In fact, Justice Kennedy cites only one explicit statement from the Chief’s opinion to which he seems to object, viz., the Chief’s assertion that “the way to stop discriminating on the basis of race is to stop discriminating on the basis of race.” But, of course, this is just rhetoric, specifically in response to the dissent, and was not a holding of any kind. Kennedy uses similar rhetoric in his response to the dissent. See p. 17 of his opinion: “The idea that if race is the problem, race is the instrument with which to solve it cannot be accepted as an analytical leap forward.” Indeed, Justice Kennedy’s opinion is not without its occasional rhetorical idiosyncracies (some might say excesses).

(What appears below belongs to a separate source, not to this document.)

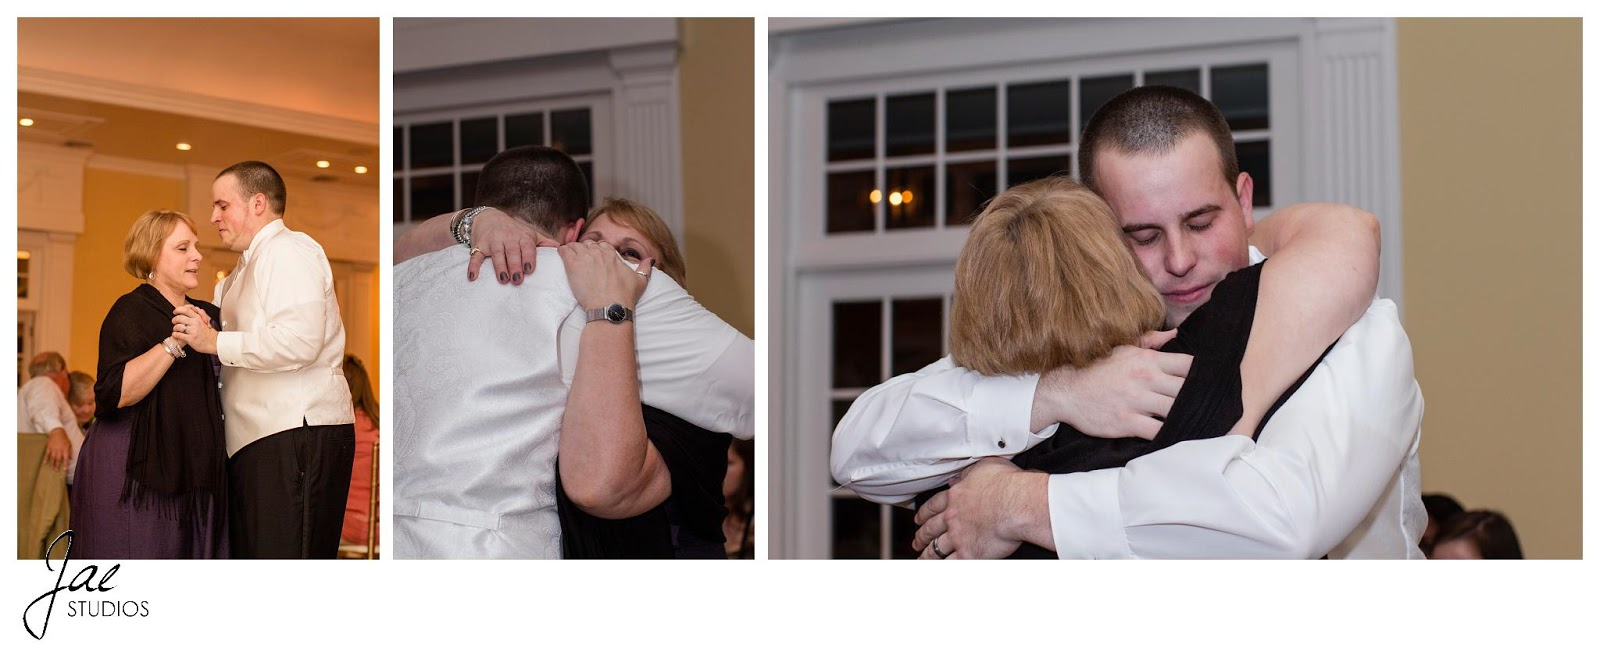 Jonathan and Julie, Bird cage, West Manor Estate, Wedding, Lynchburg, Virginia, Jae Studios, mother, groom, dancing, hugging, reception

See, e.g., his next sentence: “And if this is a frustrating duality of the Equal Protection Clause, it simply reflects the duality of our history and our attempts to promote freedom in a world that sometimes seems set against it.” It is odd to deprive an opinion of full precedential value over a disagreement on rhetoric, but my initial reading of these opinions suggests that that is what happened here.

2. The opinions of the Chief and Kennedy both focus on the facts in the individual programs at issue. As they pointed out, neither program seemed focused on avoiding bad outcomes associated with racial isolation because there was not a great deal of racial isolation in these schools. Moreover, in both cases, the school districts divided their students into only two racial categories: white and non-white in Seattle, black and non-black in Jefferson County. This decision of the school boards, given the racial diversity of America today (and in Seattle in particular) seems almost anachronistic, and the Seattle schools apparently did not do a sufficiently good job of justifying it. (It was a bit more justified in Jefferson County, at least as a device of administrative convenience, because the vast majority of students were either black or white.)

Accordingly, whether school boards can address racial isolation — or otherwise manipulate the racial demographics of their schools, even with explicit racial measures, to avoid a racial mix for which they have good reason to believe is associated with bad educational outcomes — was simply not decided in these cases. Of course, school boards may not be willing to take their chances that their use of race will pass strict scrutiny under the Court’s analysis. But those who do still have a fighting chance and a road map of the pitfalls they must avoid.